By automating key parts of the design process, Tattvam AI aims to make custom silicon accessible to more companies, reduce development costs, and enable rapid iteration on chip designs – bringing what currently takes 2-3 years down to weeks.
Bragadeesh is an alumnus of IIT Madras, consistently ranked as India’s 1 engineering institution and alma mater of notable tech leaders including Perplexity CEO Aravind Srinivas. He developed an early passion for mathematics through competitive Olympiads before entering the AI and hardware space.
He was an early engineer at UK based brain-monitoring startup CoMind, which recently raised $100 million, and later became one of the earliest engineers at UK-based chip startup Fractile. Turning down an offer to join Google’s TPU team, Bragadeesh chose instead to build Tattvam AI and pursue his vision independently.
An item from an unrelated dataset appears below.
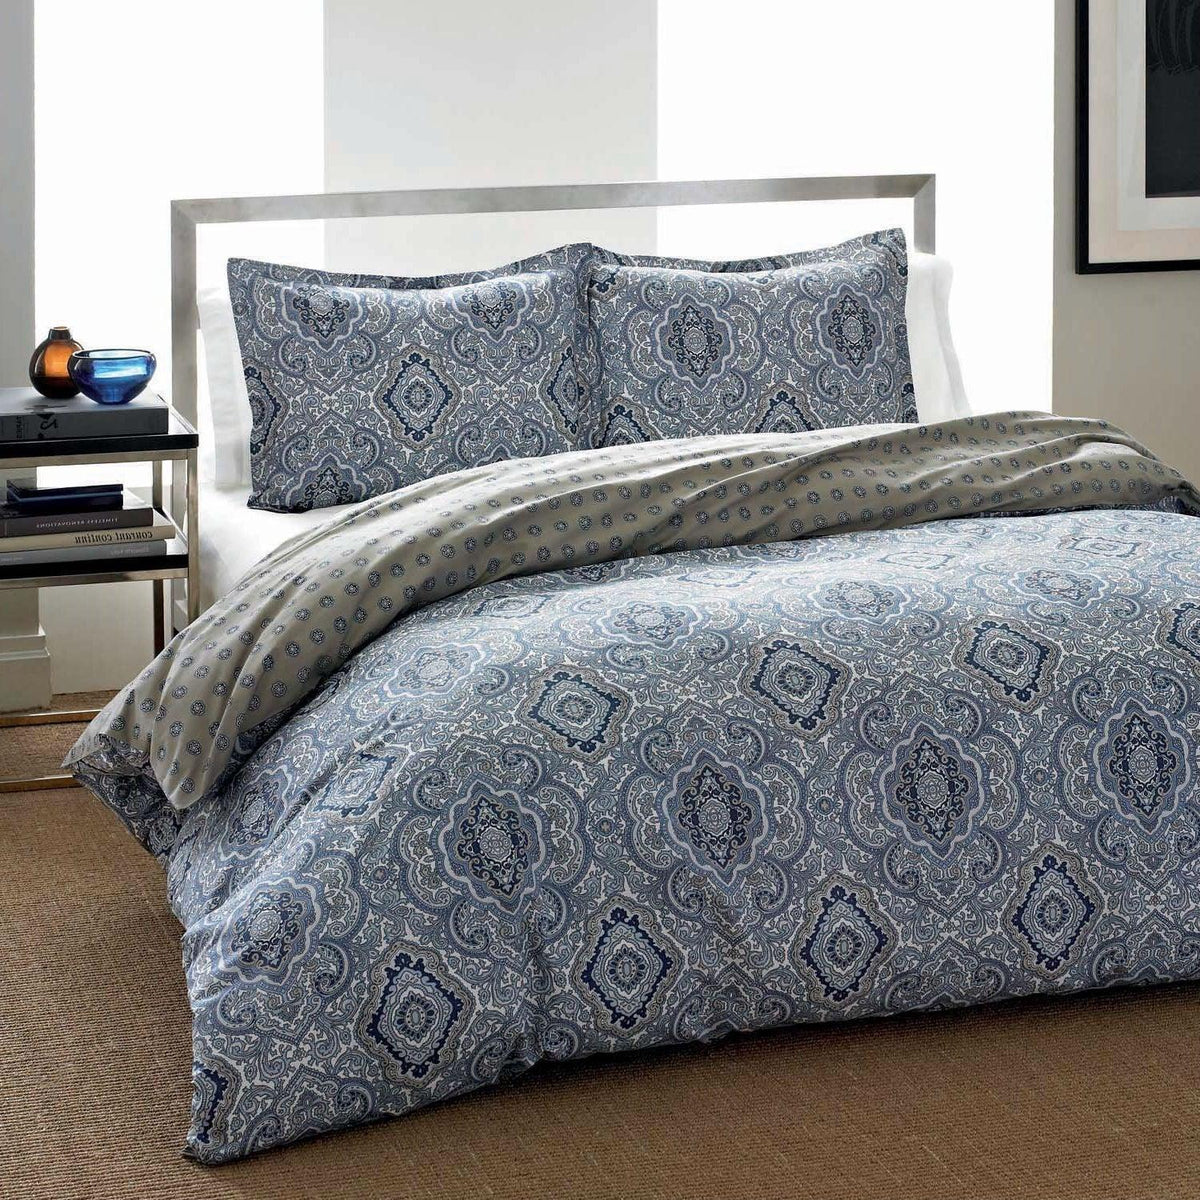 King 3-Piece Cotton Comforter Set with Blue Grey Damask Pattern
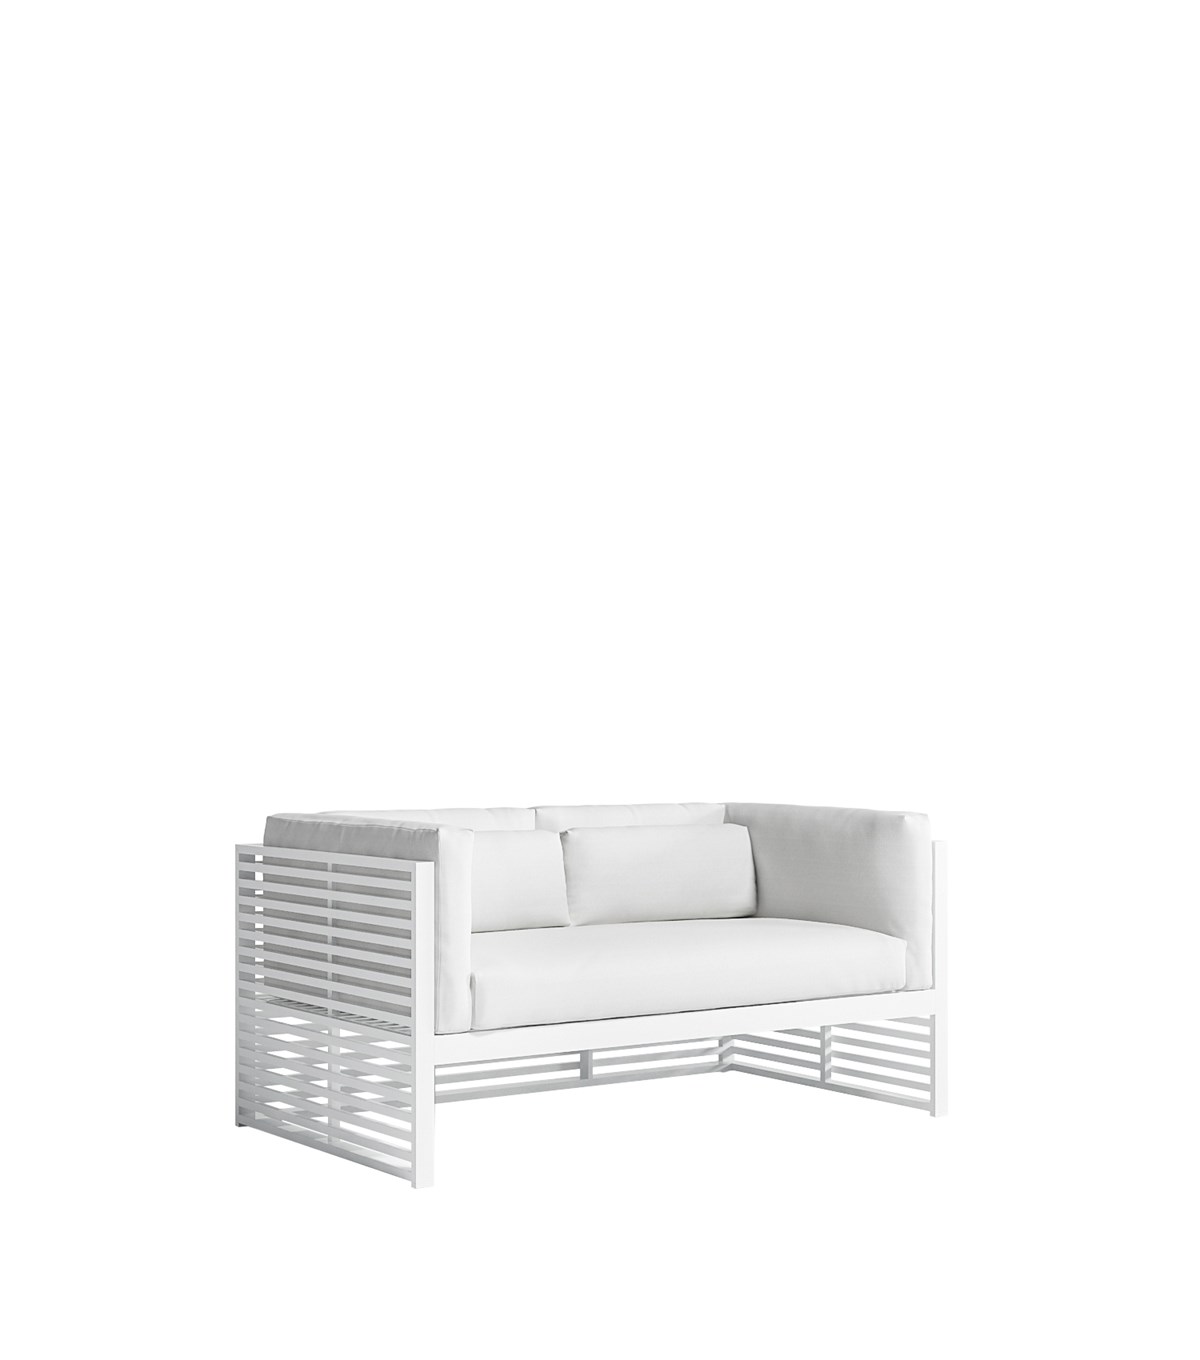 Dna 2 Seat Sofa White Product Image 2

“Bragadeesh is one of the most driven, energetic and compelling young founders in today’s chip industry. His conviction that Tattvam AI will dramatically speed-up the complex and iterative process of using EDA tools and models to design chips, cutting timelines from years to weeks, is sure to be embraced by the world’s top teams” says Stan Boland, former founder/CEO at Icera (bought by NVIDIA) and Element 14 (bought by Broadcom).
Bragadeesh founded Tattvam AI with Lannan Jiang, who has been developing chips at a research lab at ETH Zurich. Tattvam AI plans to launch its first product in the coming months as it works with partners to accelerate the development of next-generation chips.